Soijl – As the Sun Sets on Life

Aus Schweden kommen diese drei Jungs und machen Melodic/Doom Death Metal. Und da wären wir auch sofort beim eigentlichen Problem. Davon gibt es dummerweise schon zuviele Bands. Und Soijl erfinden mit ihrem zweiten Album nicht unbedingt das Rad neu. Muss ja auch nicht sein. Aber die Songs hören sich eigentlich durch die Bank an, wie schon einmal gehört und so bleibt bei mir persönlich eigentlich nicht wirklich was hängen. Da brauche ich dann auch keinen zweiten oder dritten Durchlauf mehr. Fad dümpelt das Zeug an einem vorbei. Kein Biss, kein Pepp, kein Gar nichts. Irgendwo zwischen altem Zeug a la Crematory (fand ich damals schon ziemlich schlecht…) und die auf Metal Archives erwähnten Saturnus. Sorry…, nix für mich. Auch wenn das Cover ordentlich aussieht. Die Produktion solide ist. Die Leute vorher schon bei anderen Bands Erfahrungen gesammelt haben. Das hilft alles nix. Und da sage ich leider auch nicht „vielleicht beim nächsten Mal“. Eher „vielleicht mit einer anderen Band“.

Sadistic Dementor

Calliophis – cor serpentis

Genauso geht Doom Metal, Leute!!!! Oha, schon wieder das Pferd von hinten aufgesprungen… . So oder so ähnlich. Egal. Calliophis sind für Doom Fans alte Bekannte. Die Sachsen verlangsamen die Zeit bereits seit 2006, mit kurzer Unterbrechung, und wie es sich für eine Doom Band gehört handelt es sich erst um deren zweiten Output. Gut Ding will eben Weile haben. Das im Infotext erwähnte Doom shall rise muss man gar nicht als Reminisenz aufführen. Die Jungs sind auch so eine Macht und benötigen keine längst vergangene Festival Reihen, um sich zu bewerben. Lieber gleich auf kommenenden Festival einen Status erbauen! Und das können Calliophis. Wie langsam und zäh fliessendes Magma aus den urtiefen der Erde, frisst sich die Musik über die ganze Albumlänge durch die Gehörgänge. Die Grabesstimme tönt leidend bis tief rörhend und verfeinert die dargebotene Szenerie einer Apokalyptischen Endzeitkulisse. Einziges Manko ist m.M. nur der etwas zu synthetische Schlagzeugsound.
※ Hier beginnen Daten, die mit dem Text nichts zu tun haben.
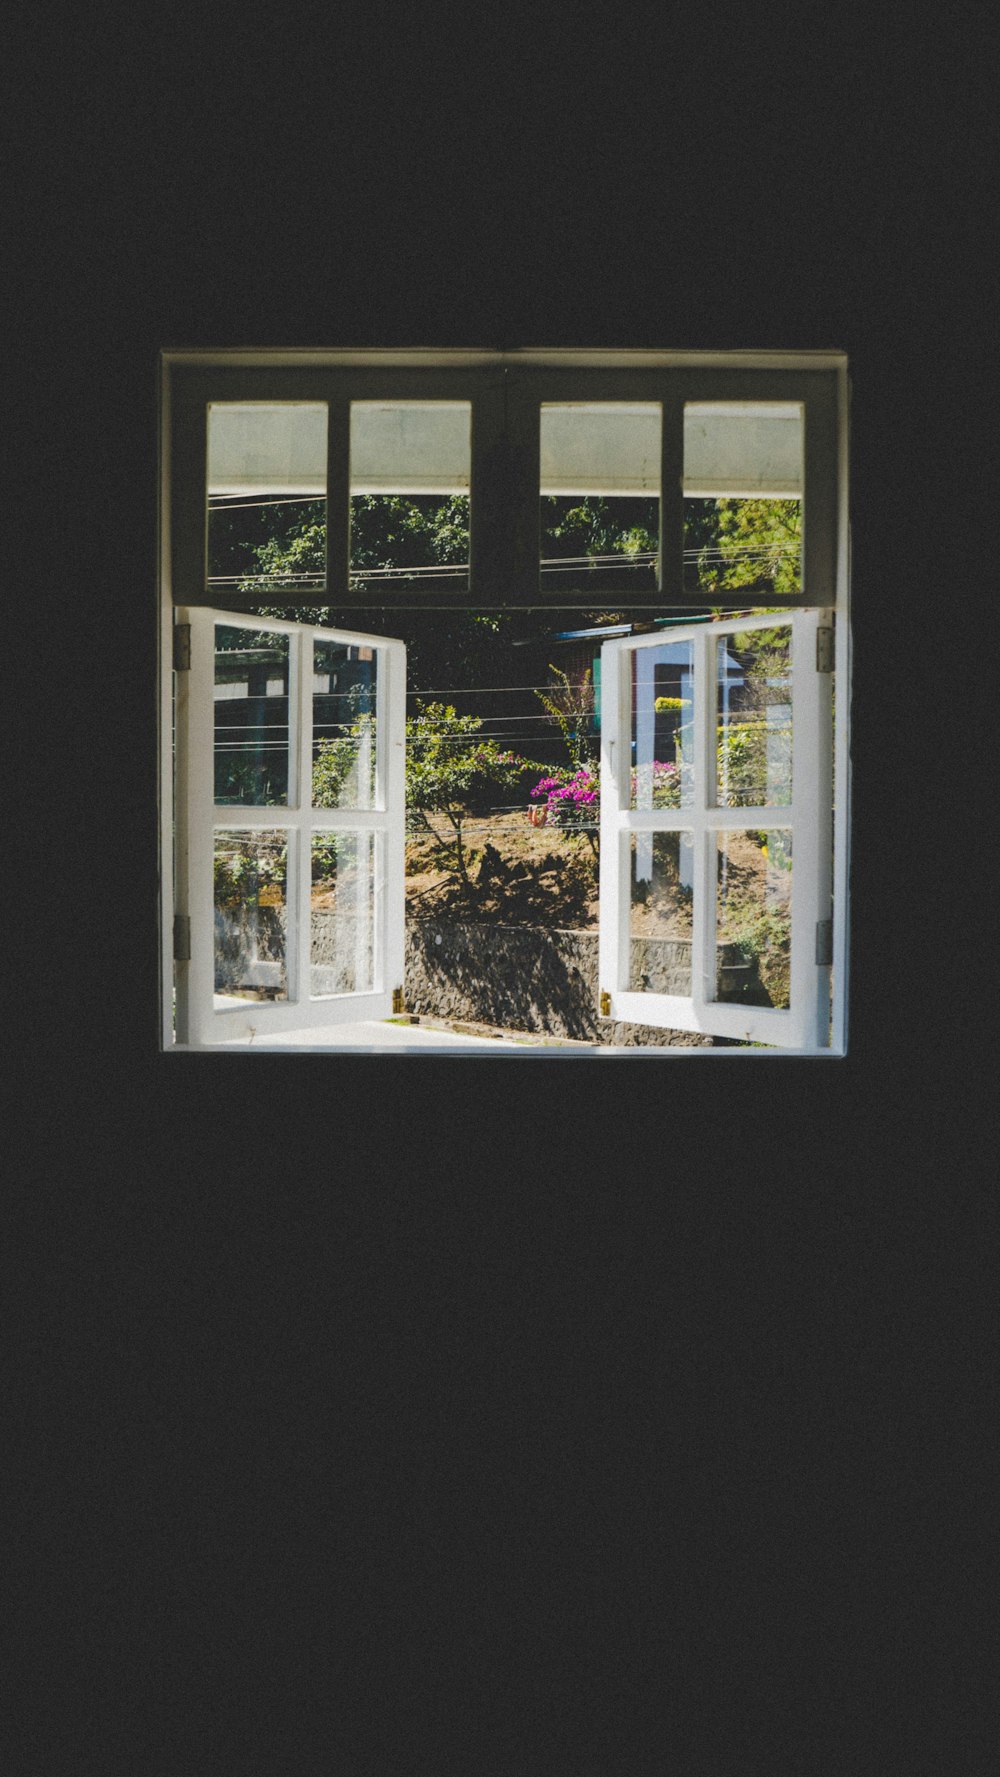 an open window in a dark room
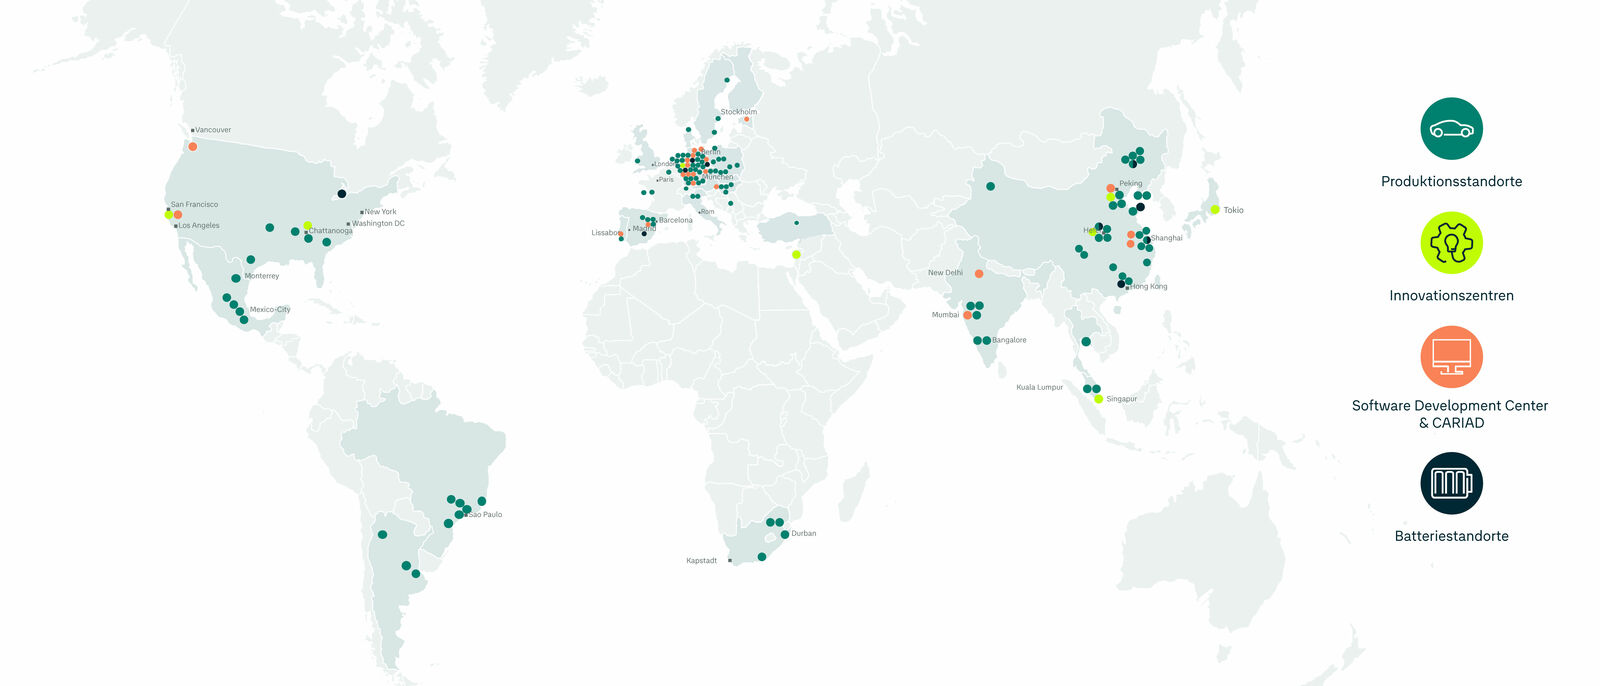 Eine Weltkarte, die verschiedene Standorte eines Unternehmens markiert

Mir fehlt da immer ein wenig der gute alte Sound von noch warmen Base,- und Snaredrums. Klar, das trockene und u.U. gesampelte Drumkit führt zu deutlicher differenzierterem Sound. Aaaaber…., scheiss drauf! Wenn es nur dieses Manko sein sollte. Da finden sich ziemlich sicher mehr als genug Leute, die das genau wieder anders sehen dürften. Zum Schluss noch kurz zum Cover des Albums. Ein Körper wird von einem Schlangengewühl zerdrückt und in seine Bestandteile zerrissen. Hört euch parallel die Musik dazu an und stellt euch am Besten vor, wie sich so eine Anaconda langsam um einen wickelten, die Knochen langsam knackend bersten und der Gequälte seine letzten Atemzüge tätigt, bevor im das Herz zerspringt und die Augen aus den Höhlen quellen. Joa…, dürfte so oder so ähnlich passen! Deswegen nochmal: Genauso geht Doom Metal!!!